This class implements the HDDM_A drift detection method that uses adaptive windows to detect changes in the mean of a data stream. It is designed to monitor online streams of data and can detect increases or decreases in the process mean in a non-parametric and online manner.
Details
HDDM_A adapts to changes in the data stream by adjusting its internal windows to track the minimum and maximum values of the process mean. It triggers alerts when a significant drift from these benchmarks is detected.
References
Frías-Blanco I, del Campo-Ávila J, Ramos-Jimenez G, et al. Online and non-parametric drift detection methods based on Hoeffding’s bounds. IEEE Transactions on Knowledge and Data Engineering, 2014, 27(3): 810-823.
Albert Bifet, Geoff Holmes, Richard Kirkby, Bernhard Pfahringer.

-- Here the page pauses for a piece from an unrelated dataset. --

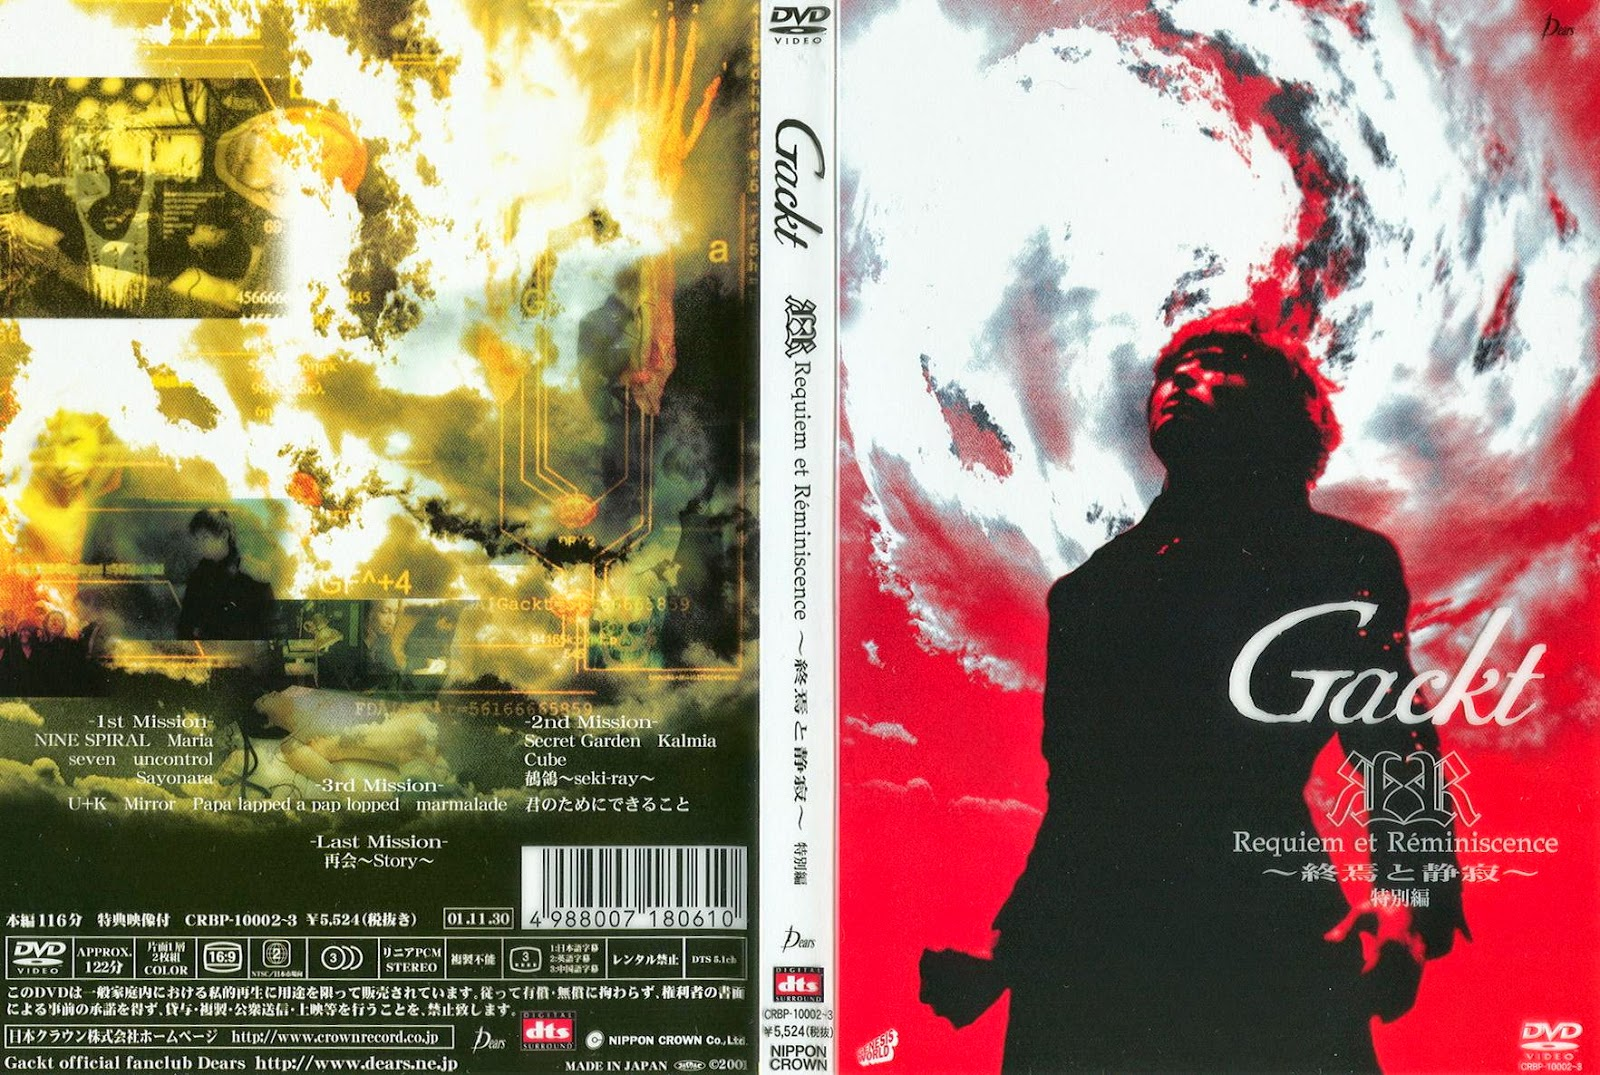 Descargar DVD Requiem Et Reminiscence Shuuen To Seijaku Gackt

MOA: Massive Online Analysis; Journal of Machine Learning Research 11: 1601-1604, 2010.
Implementation: https://github.com/scikit-multiflow/scikit-multiflow/blob/a7e316d1cc79988a6df40da35312e00f6c4eabb2/src/skmultiflow/drift_detection/hddm_a.py
Public fields
drift_confidenceConfidence level for detecting a drift.
warning_confidenceConfidence level for warning detection.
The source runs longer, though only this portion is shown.